■ Problem details ■
A faithful transcription of all the data, images excluded, is the required answer.

■ Raw data ■
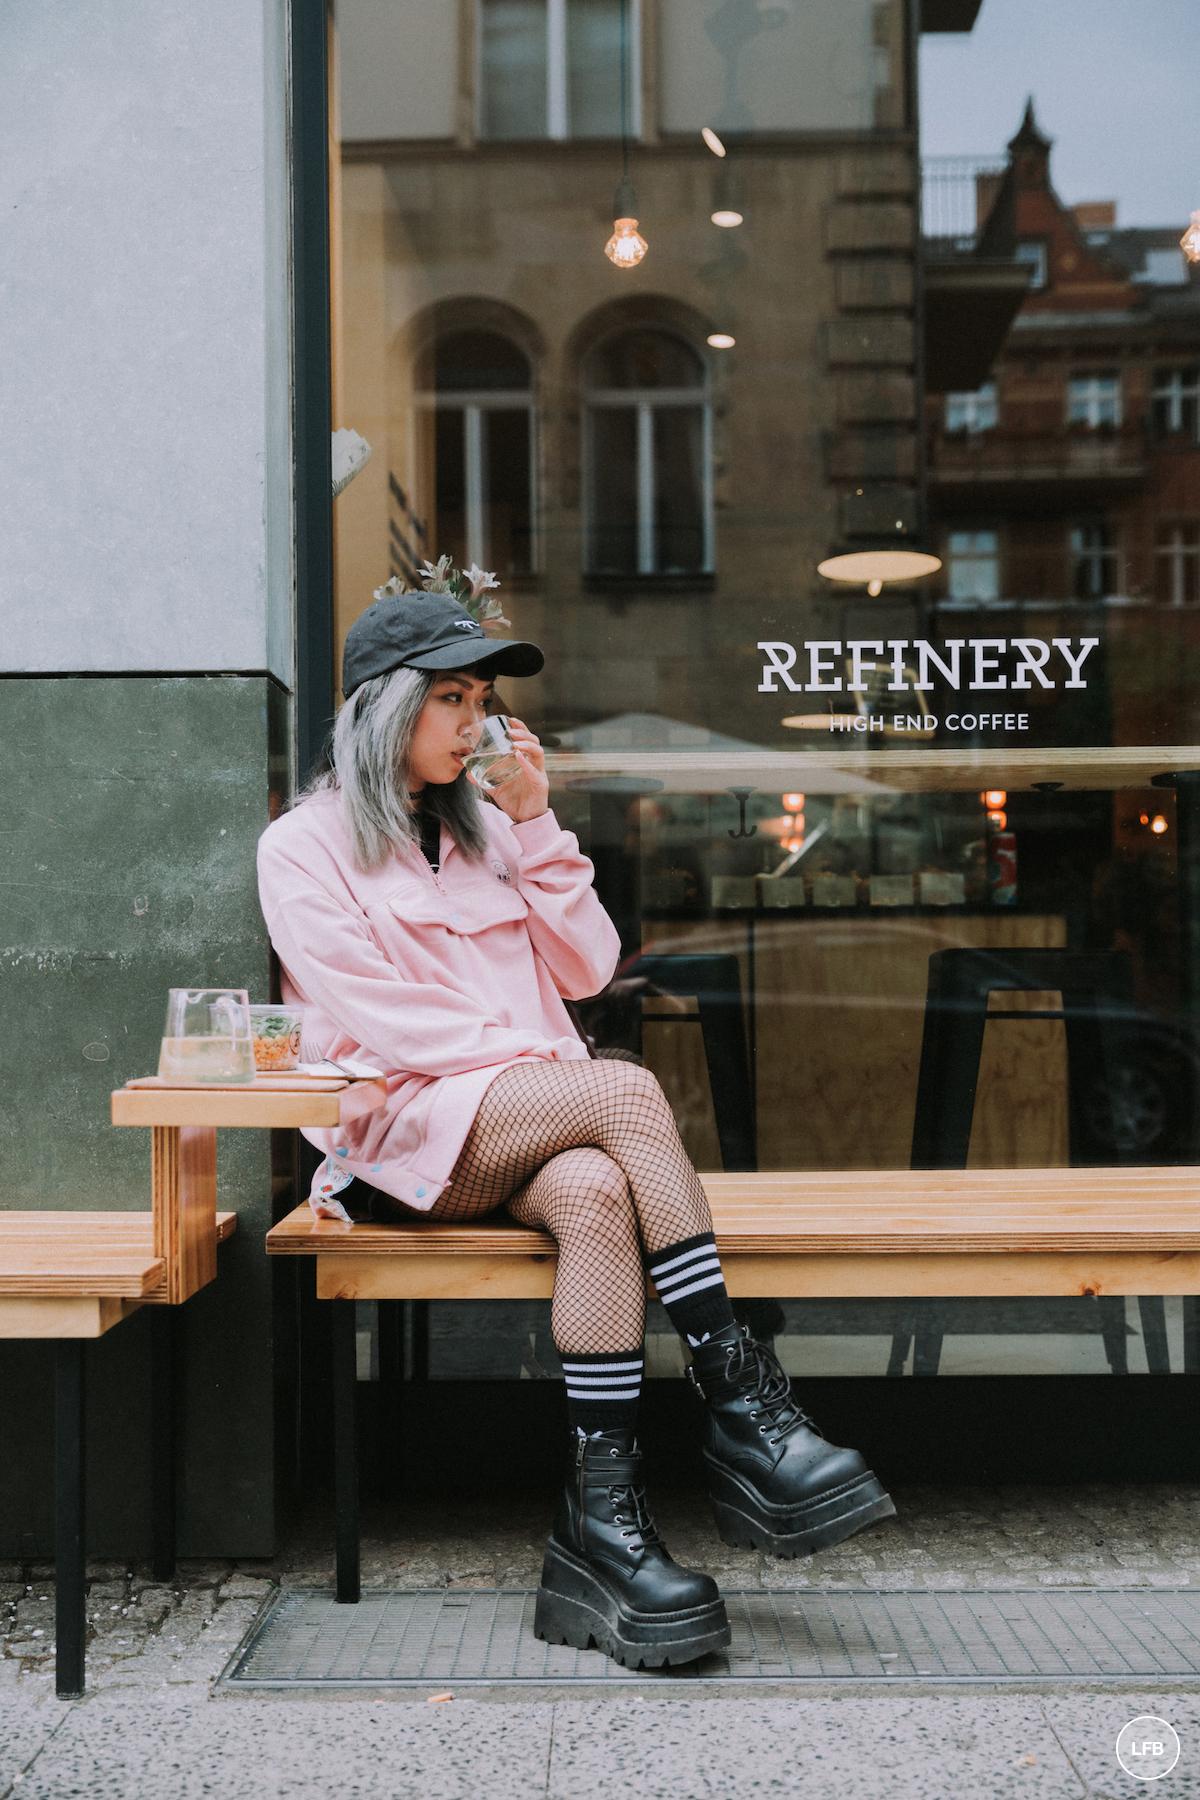 refinery_2
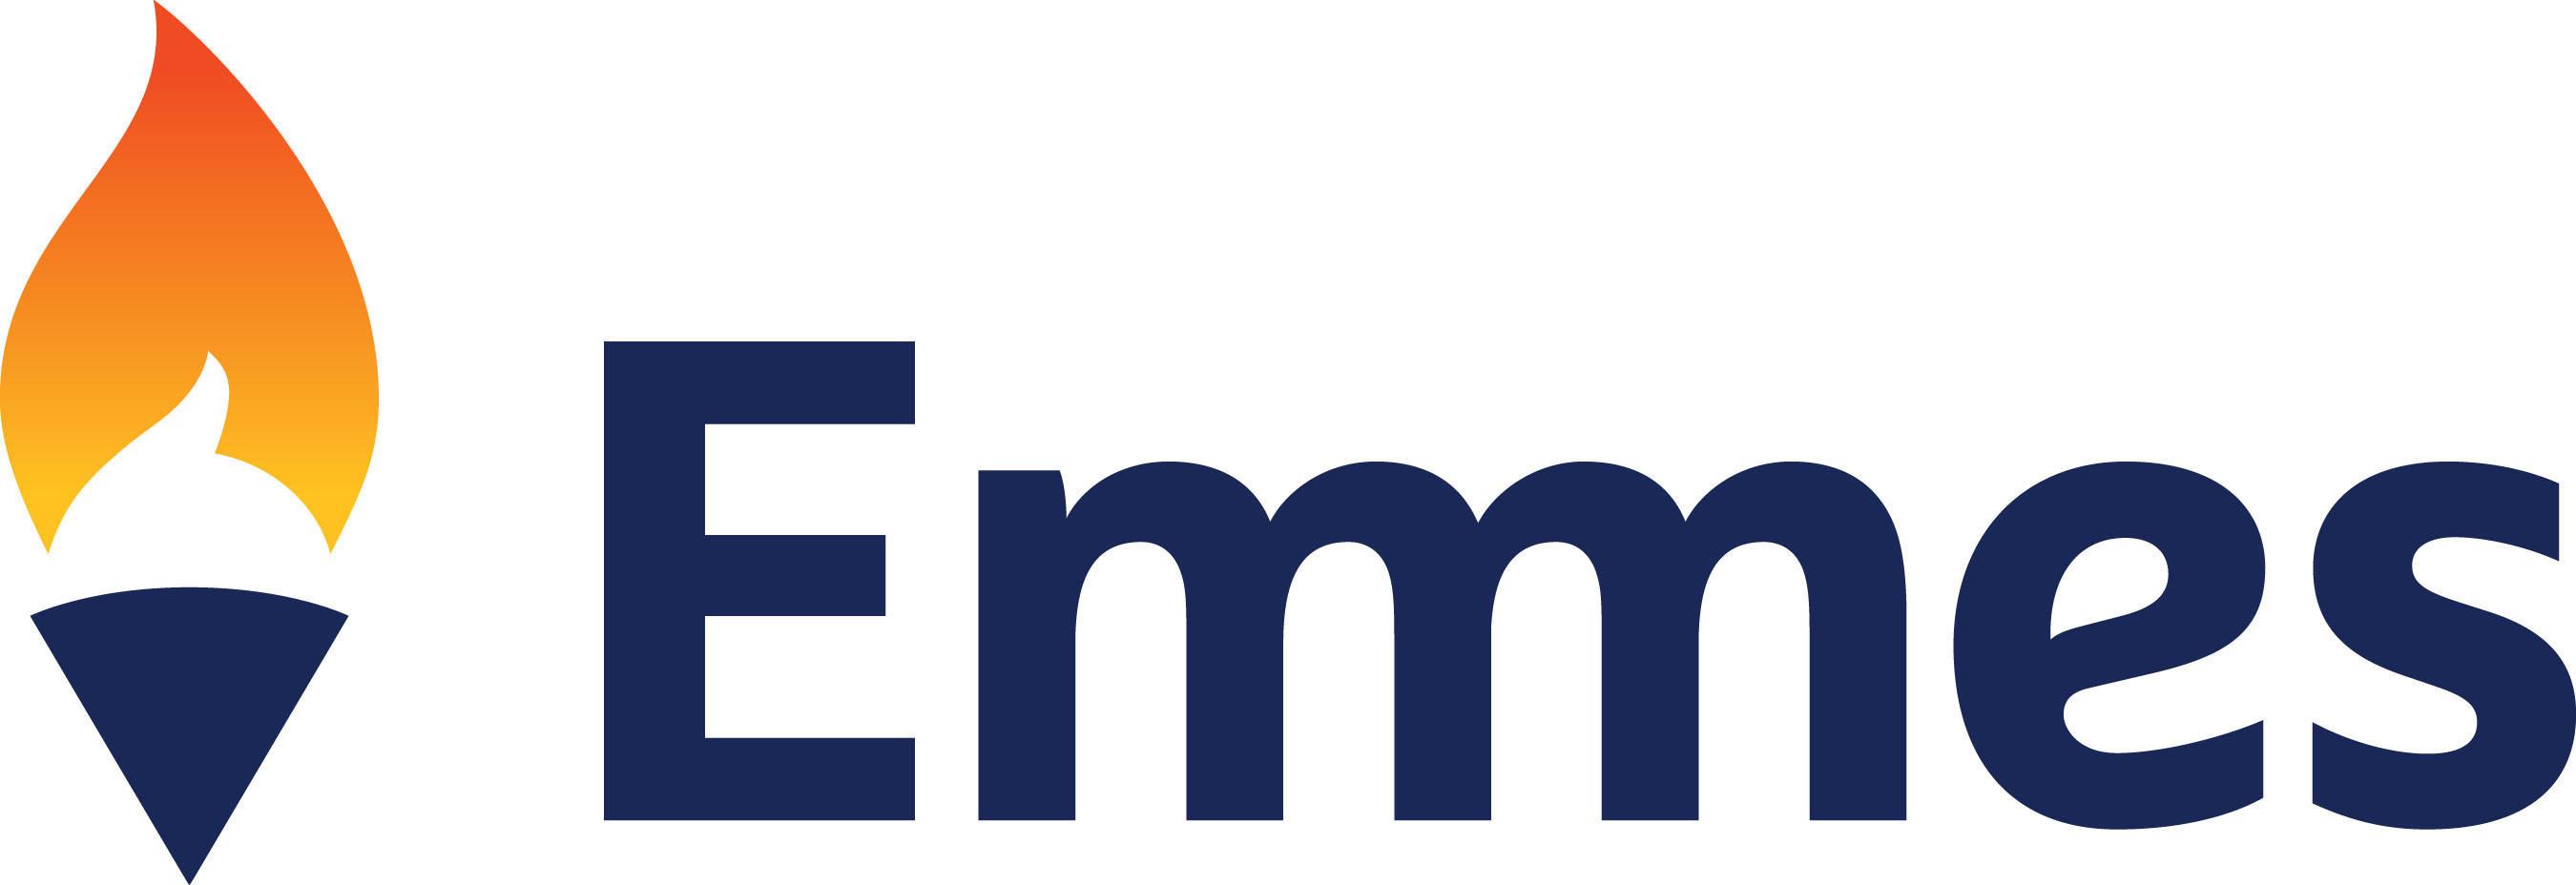 The EMMES logo
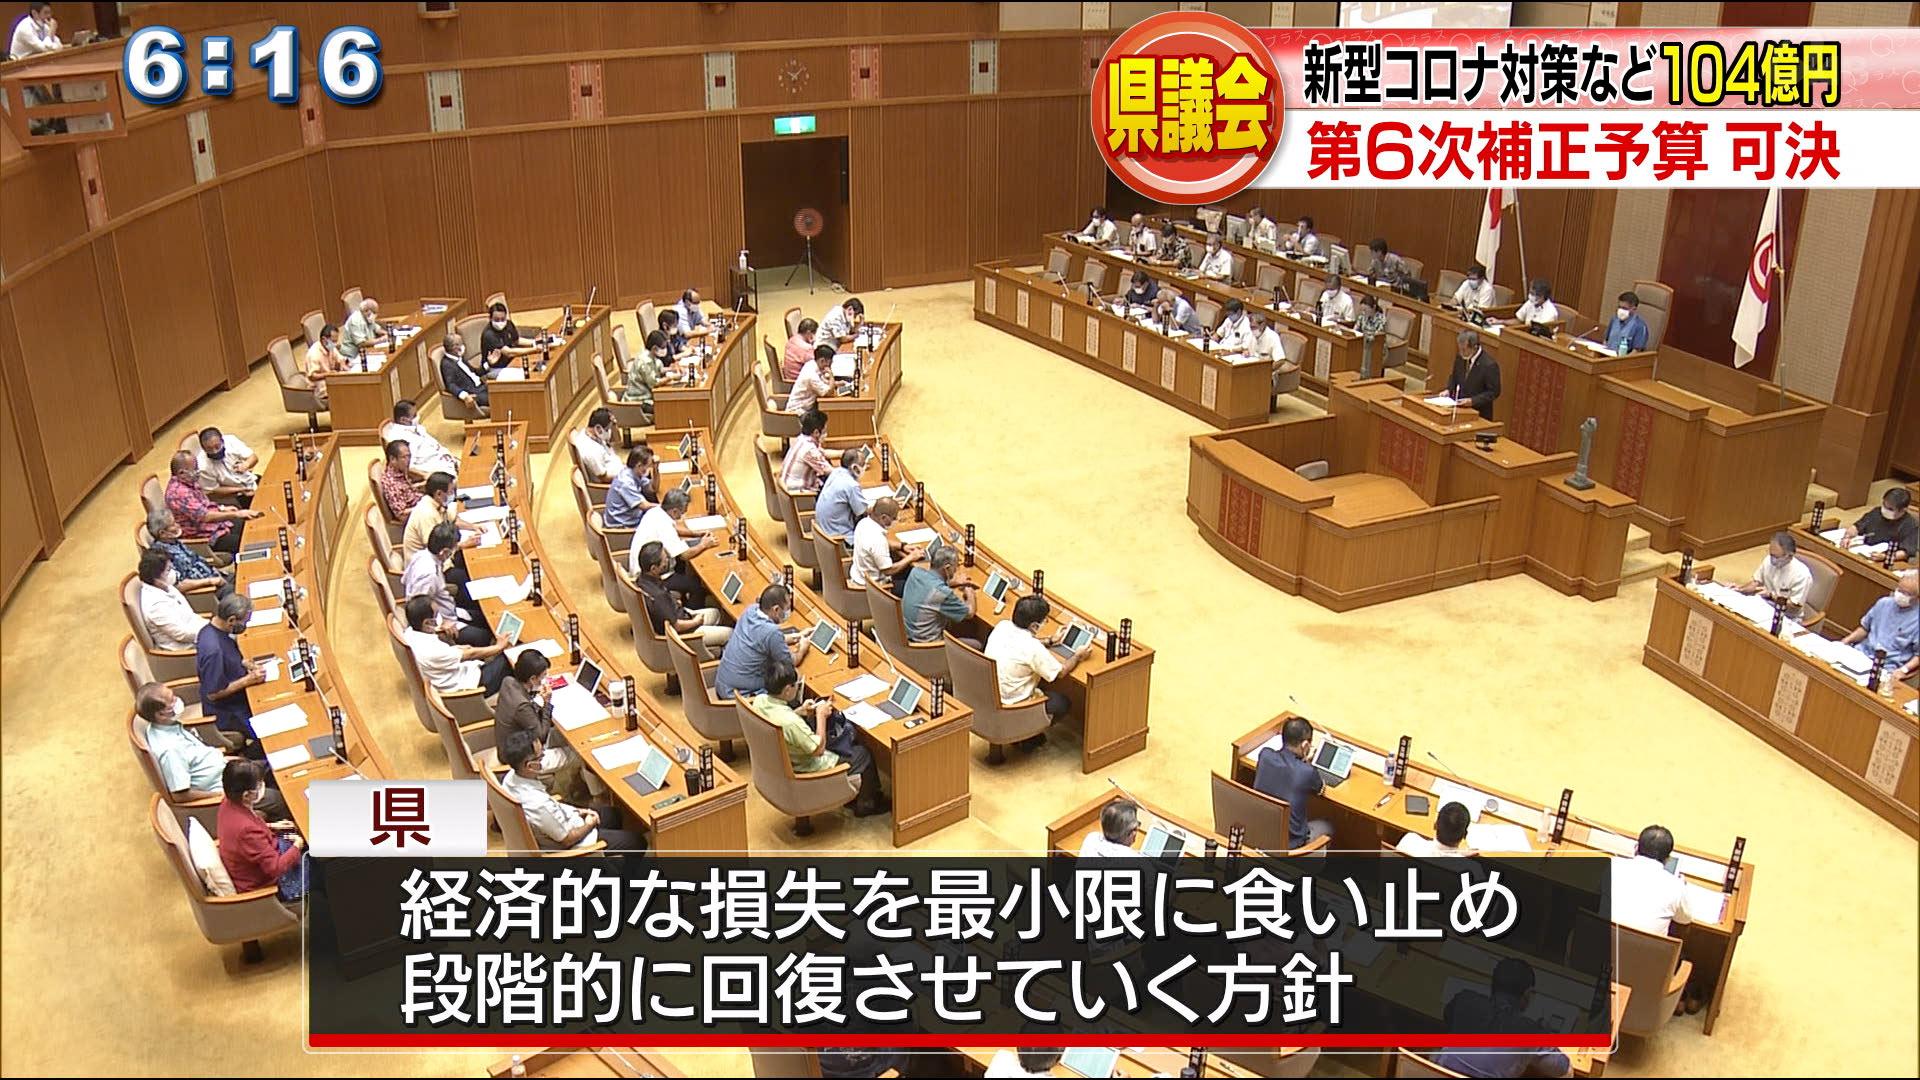 県議会 コロナ対策で104億円の補正予算を可決

■ Answer ■
 refinery_2
 The EMMES logo
 県議会 コロナ対策で104億円の補正予算を可決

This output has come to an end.